= WHAT YOU WILL DO =
Only the lines from the one containing "A 1967 Land" through the end of the listing are to be repeated, exactly and without pictures.

= PROVIDED MATERIAL =
----

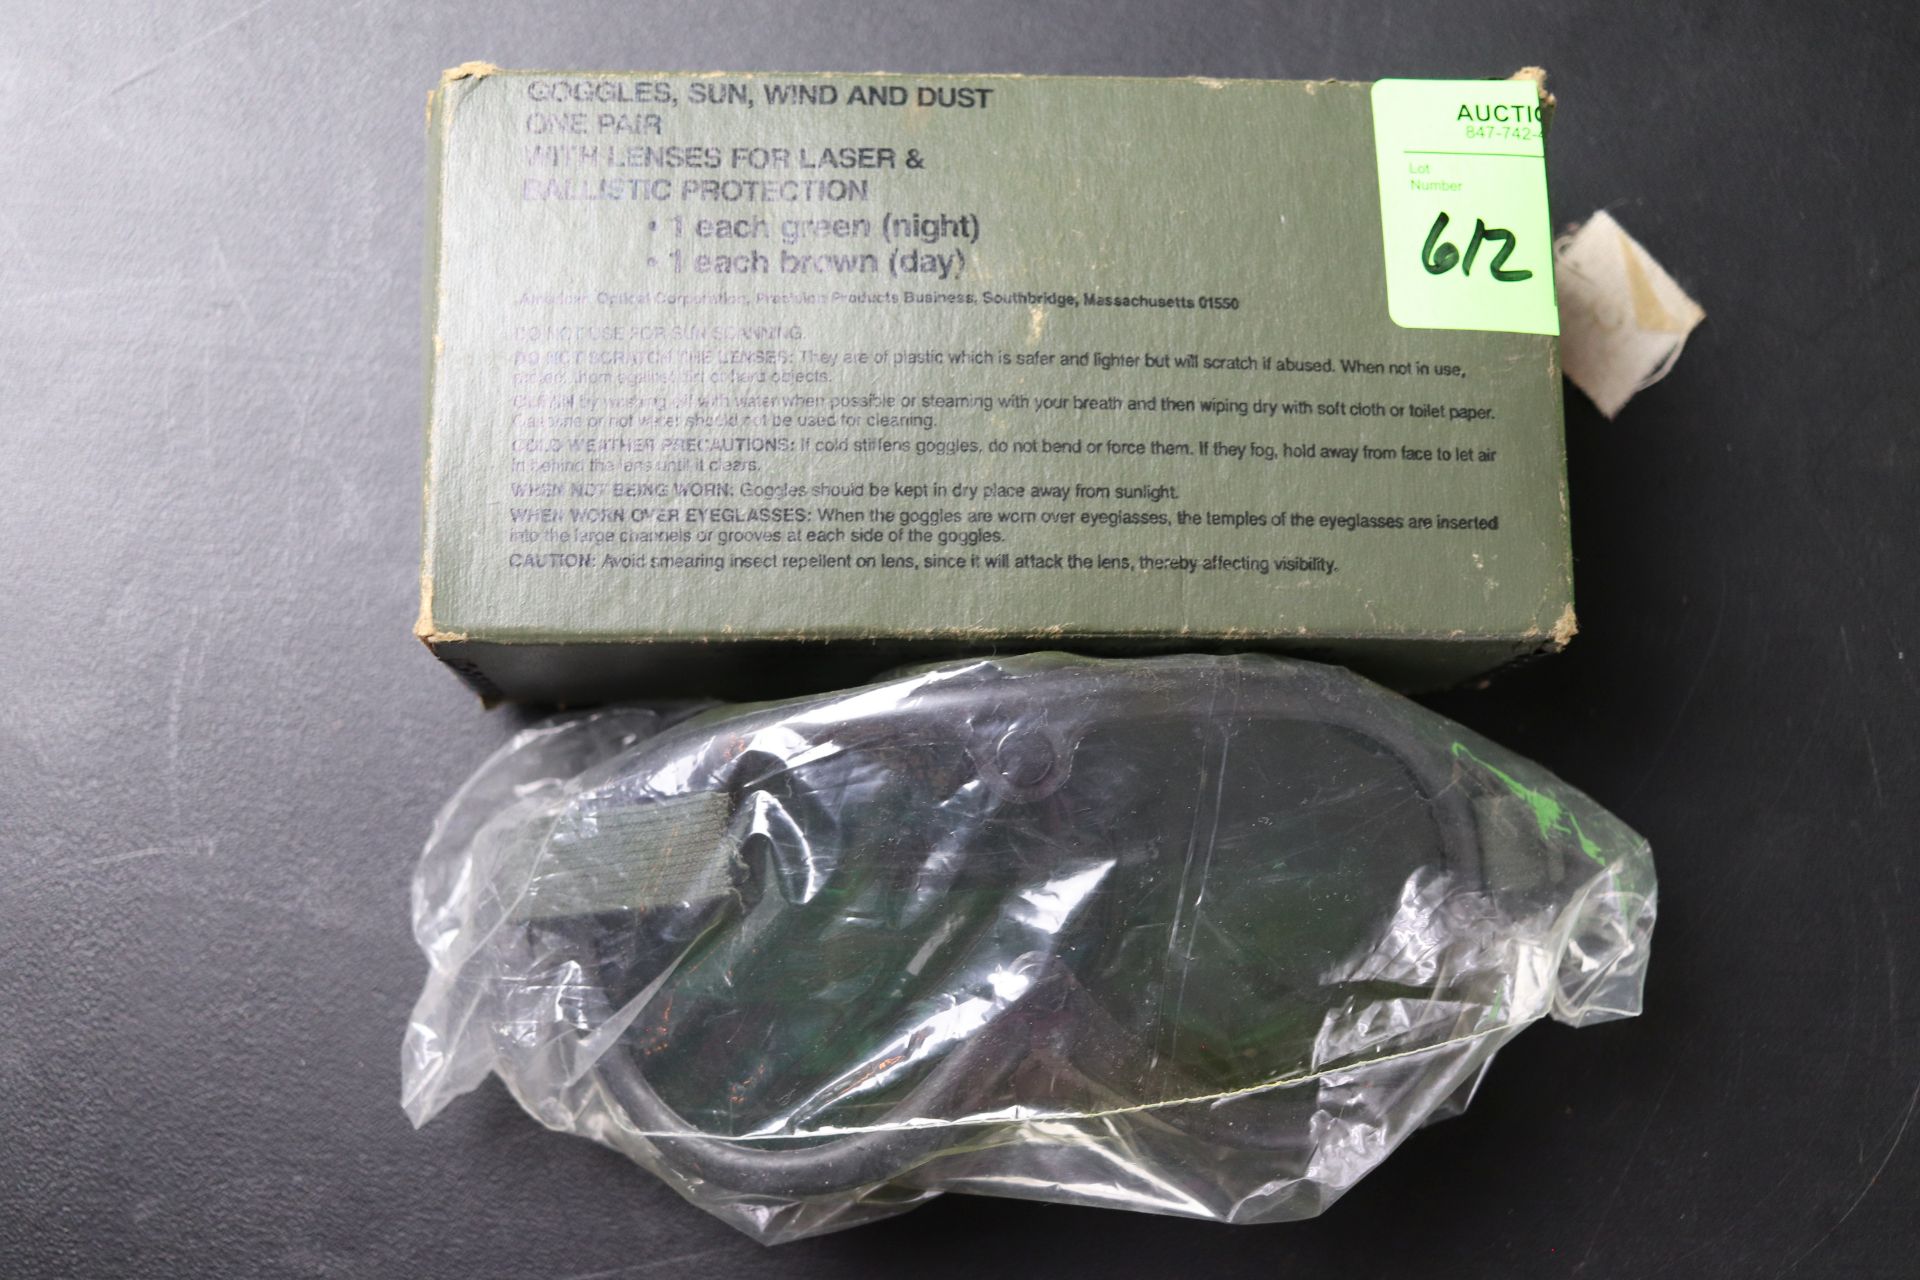 LPL goggles with box, instructions and lenses
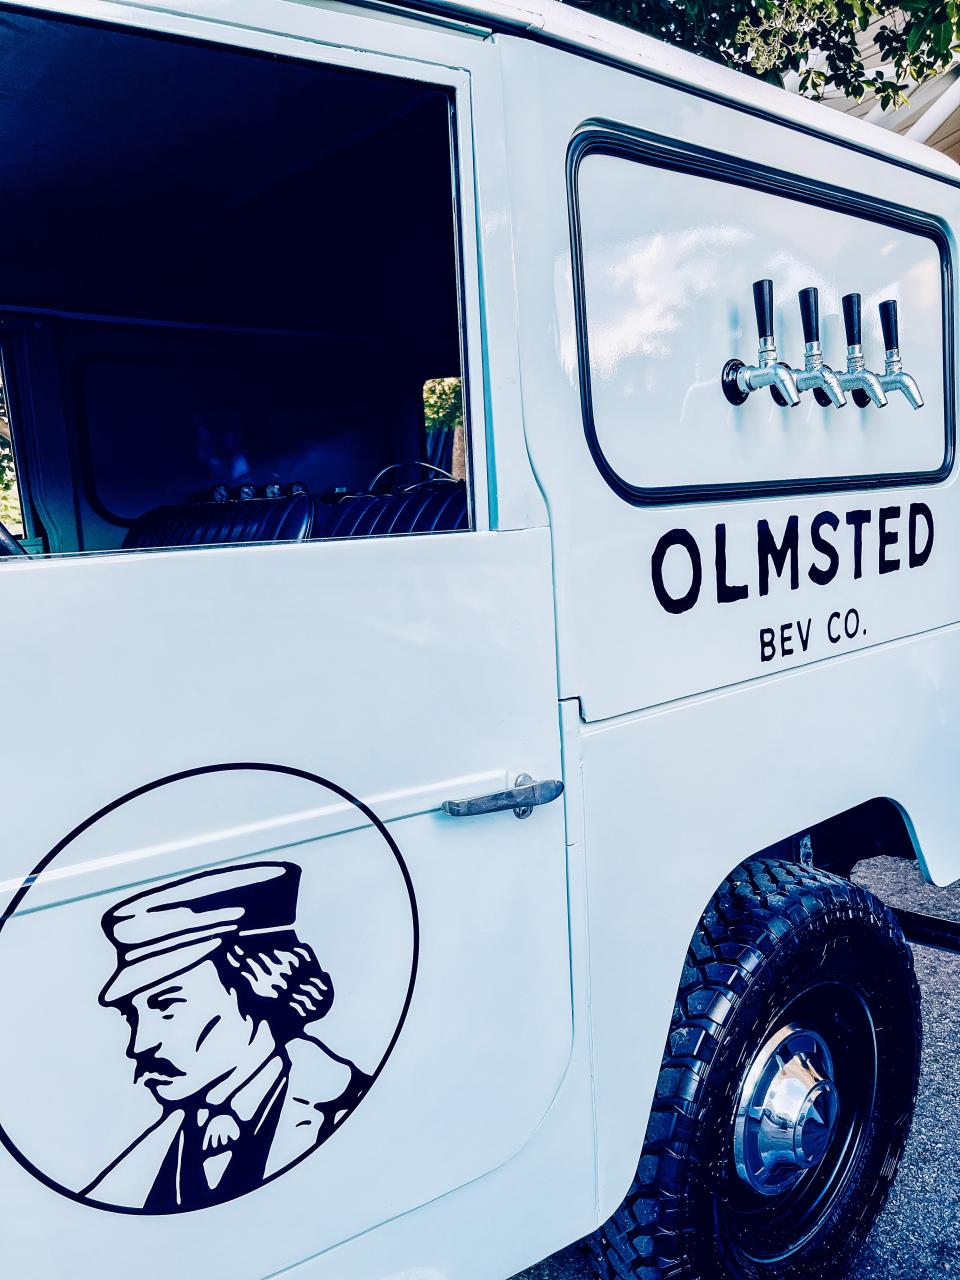 A 1967 Land Cruiser was fully customized for Olmsted Beverage Company to serve at private events. World’s Fair Park, Aug. 13, 2020.
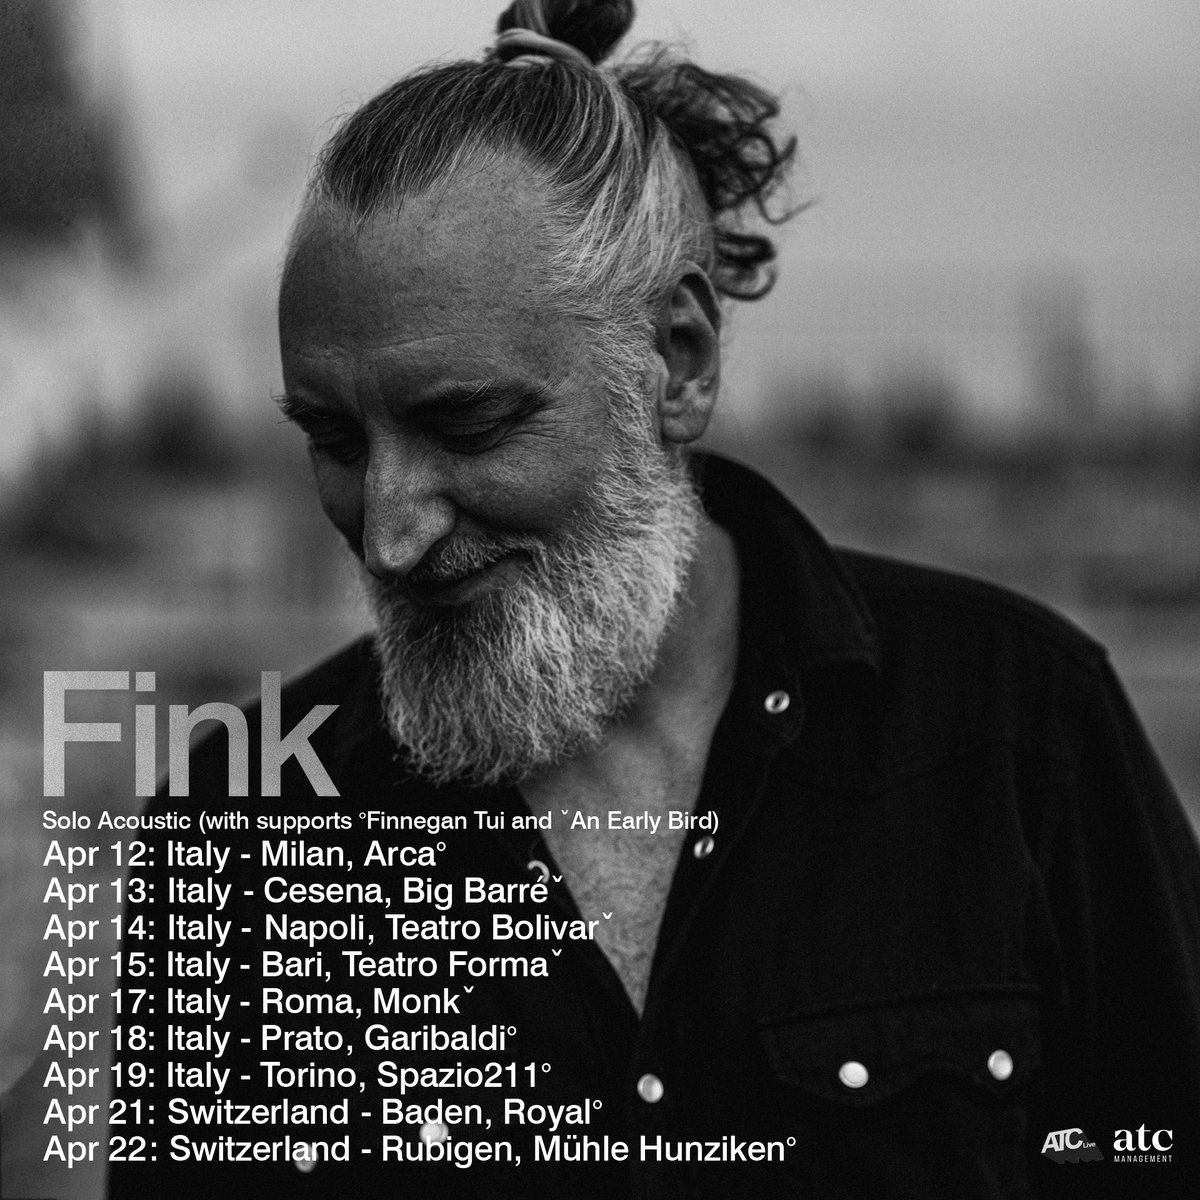 Can’t wait to share the stage with @FinneganTui on this Italy and Swiss run around - a daring artist who is carving his own path with riffs, energy and a smile on his face - tickets available: finkworld.co.uk/#tour
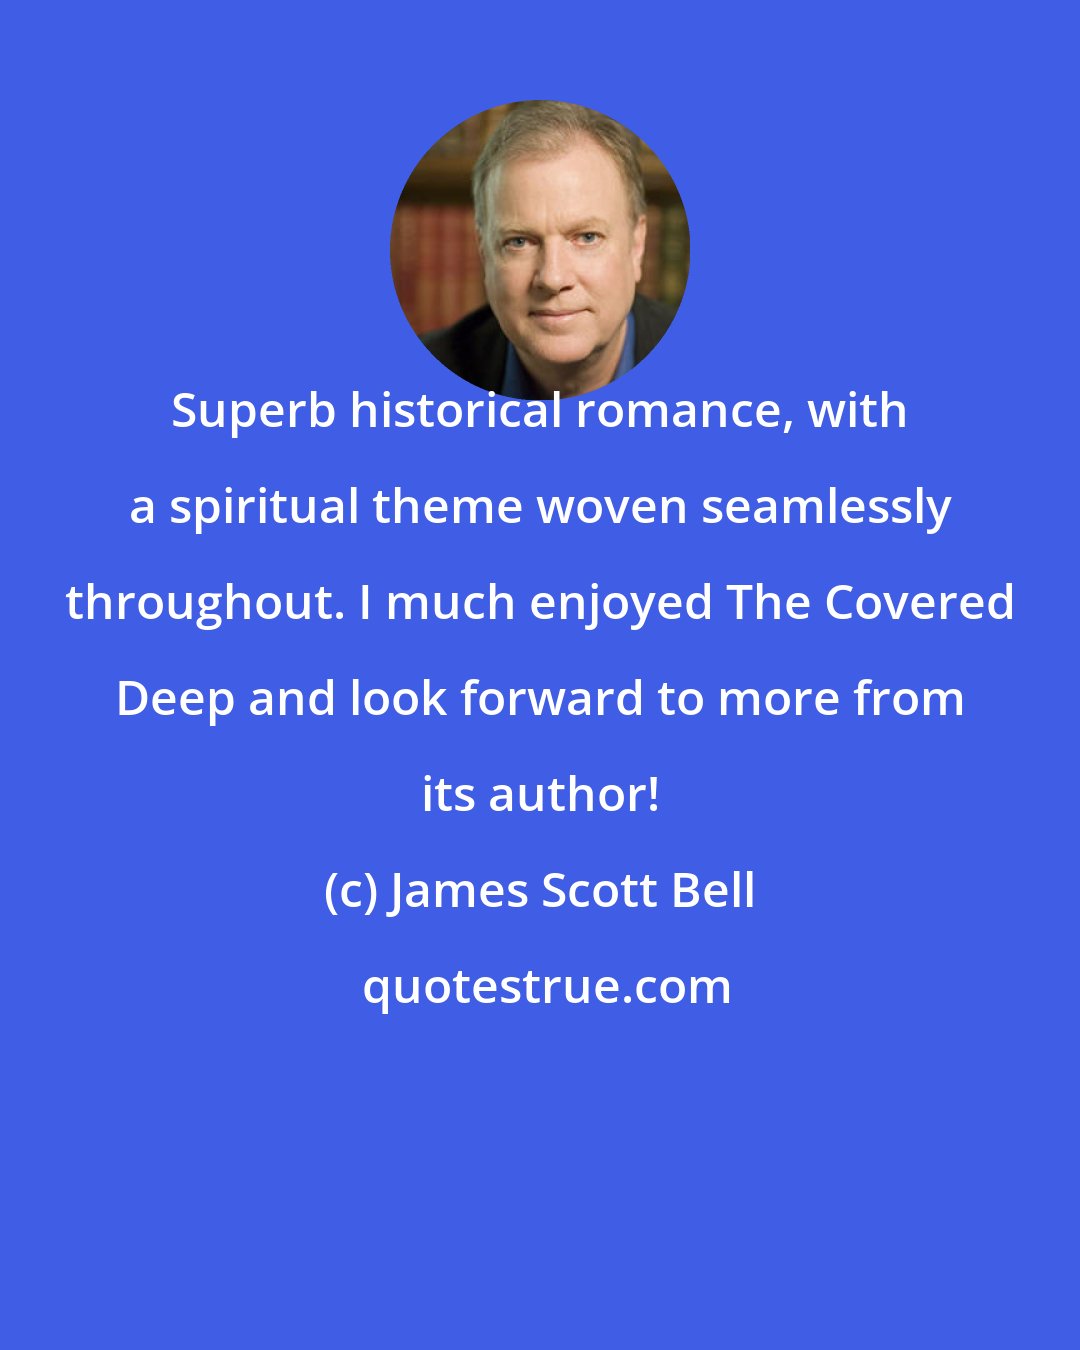 James Scott Bell: Superb historical romance, with a spiritual theme woven seamlessly throughout. I much enjoyed The Covered Deep and look forward to more from its author!

----

= TASK RESPONSE =
 A 1967 Land Cruiser was fully customized for Olmsted Beverage Company to serve at private events. World’s Fair Park, Aug. 13, 2020.
 Can’t wait to share the stage with @FinneganTui on this Italy and Swiss run around - a daring artist who is carving his own path with riffs, energy and a smile on his face - tickets available: finkworld.co.uk/#tour
 James Scott Bell: Superb historical romance, with a spiritual theme woven seamlessly throughout. I much enjoyed The Covered Deep and look forward to more from its author!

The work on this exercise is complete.